Where person denied benefit due to departmental error, etc.

(4) Where the Minister is satisfied that, as a result of erroneous advice or administrative error in the administration of this Act, any person has been denied

  1. (a) a benefit, or portion thereof, to which that person would have been entitled under this Act,
  2. (b) a division of unadjusted pensionable earnings under section 55 or 55.1, or
  3. (c) an assignment of a retirement pension under section 65.1, the Minister shall take such remedial action as the Minister considers appropriate to place the person in the position that the person would be in under this Act had the erroneous advice not been given or the administrative error not been made.

[29] The hearing file seems to establish that there was an administrative error made at least as early as 2006. At page GD2-31 of the hearing file (reproduced at Appendix 1), a file review conducted in 2011 revealed that a clerical error had been made in respect of the 2006 application.

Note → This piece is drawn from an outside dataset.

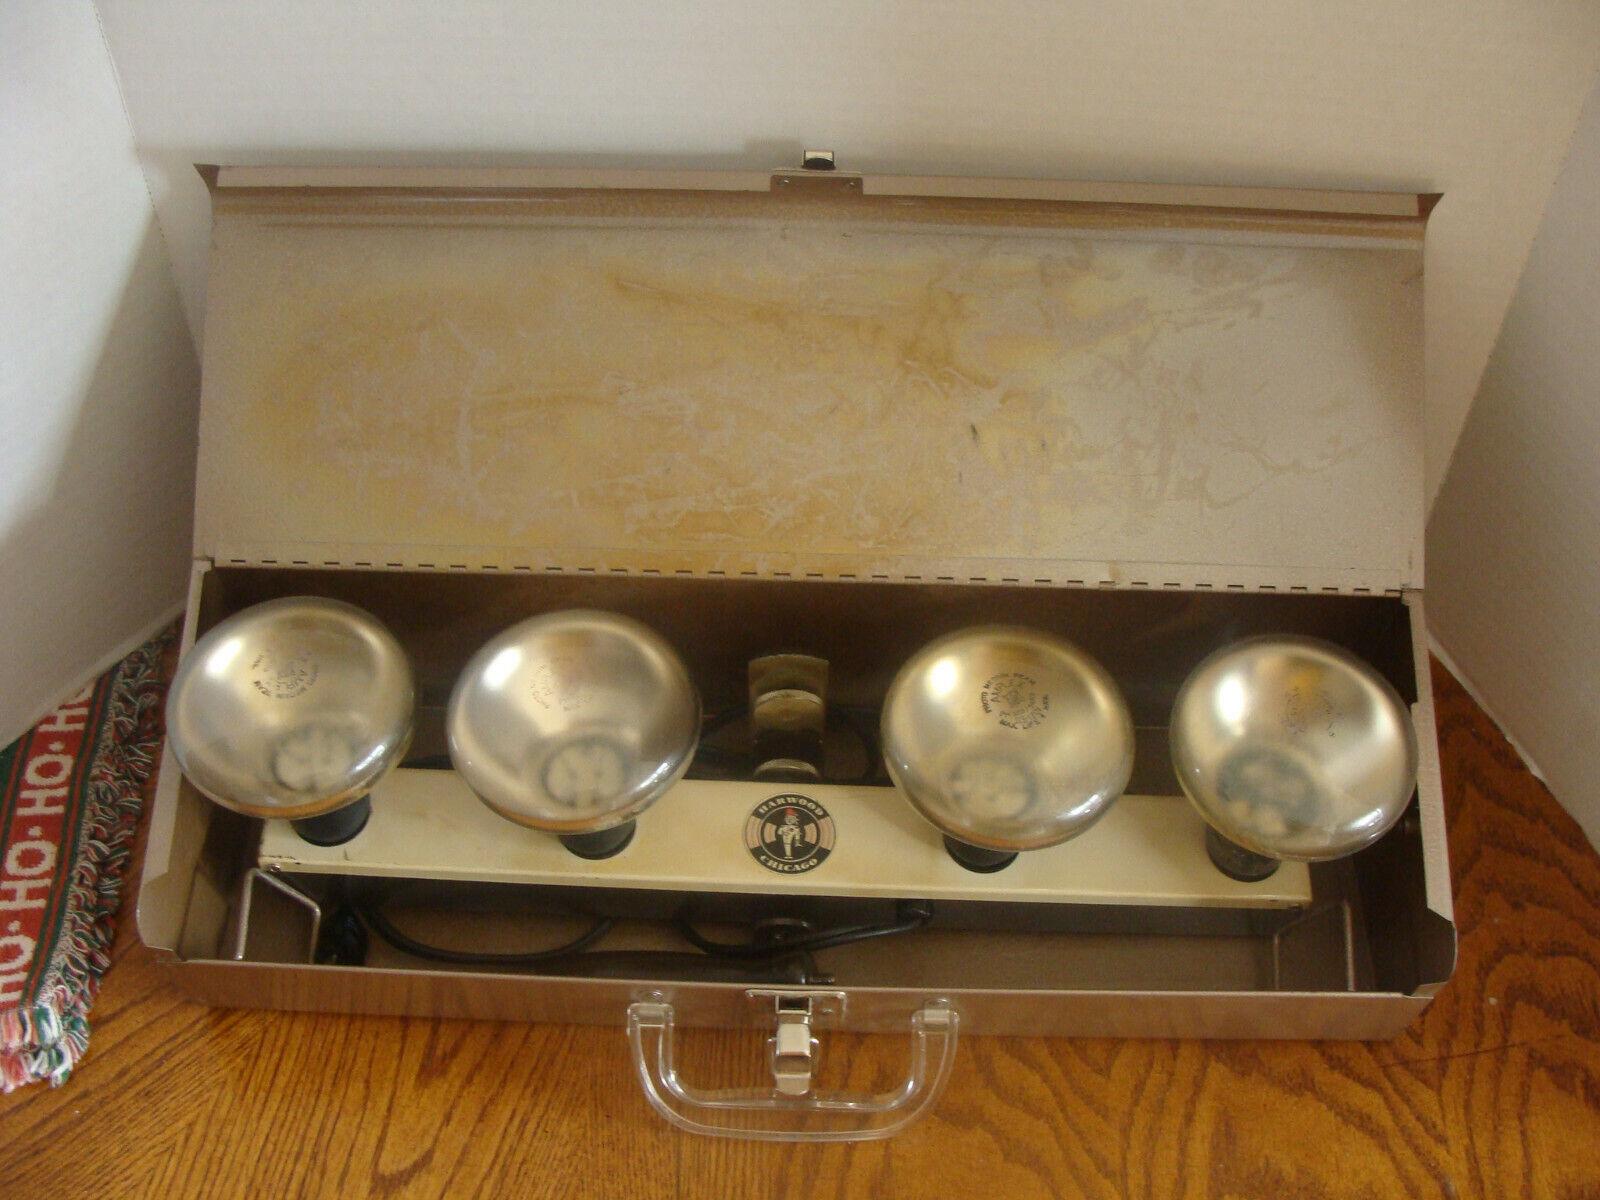 VTG Harwood Chicago 4 Light Movie Photography Light Bar W/Metal Carrying Case  - $5.00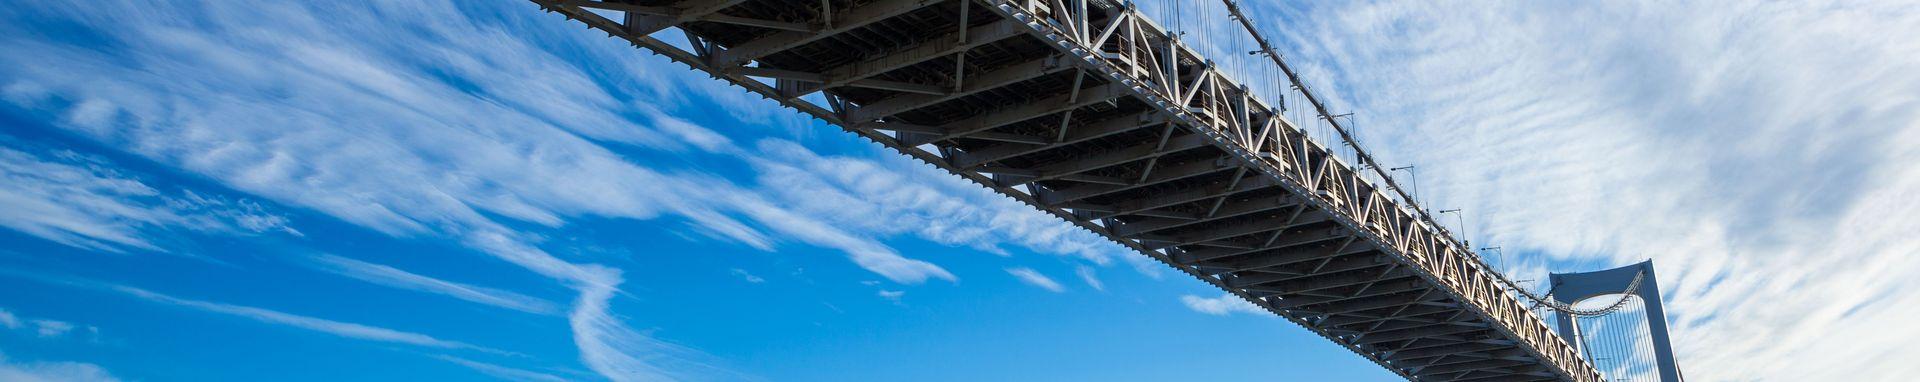 [Translate to Japanisch:] vibration large bridge

The file summary indicates “clerical error identified” and that the 2006 application should have been forwarded to the Respondent’s International Operations unit for a review under the Canada/Philippines agreement on social security.

[30] Unfortunately for the Appellant, the Appeal Division does not have the jurisdiction to compel the Minister to review the 2006 (or 2003) application and to satisfy itself whether, as a result of erroneous advice or administrative error, the Appellant had been denied a benefit to which he was entitled under the Canada Pension Plan. While the Appeal Division does not have this jurisdiction, it would seem appropriate for the Minister to formally reconsider the matter under subsection 66(4) of the Canada Pension Plan. It does not appear to have ever done so. Failing that, the Appellant can ask the Minister to consider taking remedial action under subsection 66(4) of the Canada Pension Plan.

Conclusion

[31] The appeal is dismissed although, given the circumstances, I would encourage the Respondent to consider undertaking a review pursuant to subsection 66(4) of the Canada Pension Plan.

Appendix 1

Image of Letter
    

File summary

  • □ Telephone
  • □ Interview

The following additional information relating to the above noted claim has been obtained.

03-10-2011: Clerical Error identified when client’s 2nd DSB application submitted on February 13, 2006 was processed:

06-09-2011: Clt submitted his 3rd DSB application (protected date of this app is 01/06/2011 when he submitted his foreign benefit DSB app under the agreement with the Philippines).
15-09-2011: During ECC the client complained several times that he had mentioned his work in the Philippines previously but this fact was never considered (further details are on my ECC File Summary on the IO file).

A review of the regional DSB file shows that the question 6 “Have you ever worked in another country?” was answered “NO” by the client on both his previous applications- the 1st received 17-07-2003, the 2nd 13-02-2006.
However, 2006 application has Philippines (misspelled) handwritten and circled in question 6. The handwriting is identical to that on ECC sheet dated 15-06-2006. It is reasonable to assume that the conversation touched on subject of his foreign work in the Philippines, and the agent added this information to his application.

This application was denied on 15-06-2006. At that time, it should have been forwarded to International Operations for a review under the Canada/Philippines Agreement.

Please review the 2006 application including medical questionnaire and report. The client claims he cannot afford to pay for a new medical report. In the last 2 weeks, he has been several times in Service Canada office in BC re-submitting copies of his previous medical reports, questionnaires and correspondence.

My worksheet is based on his new application, and medical questionnaire dated 13-02-2006.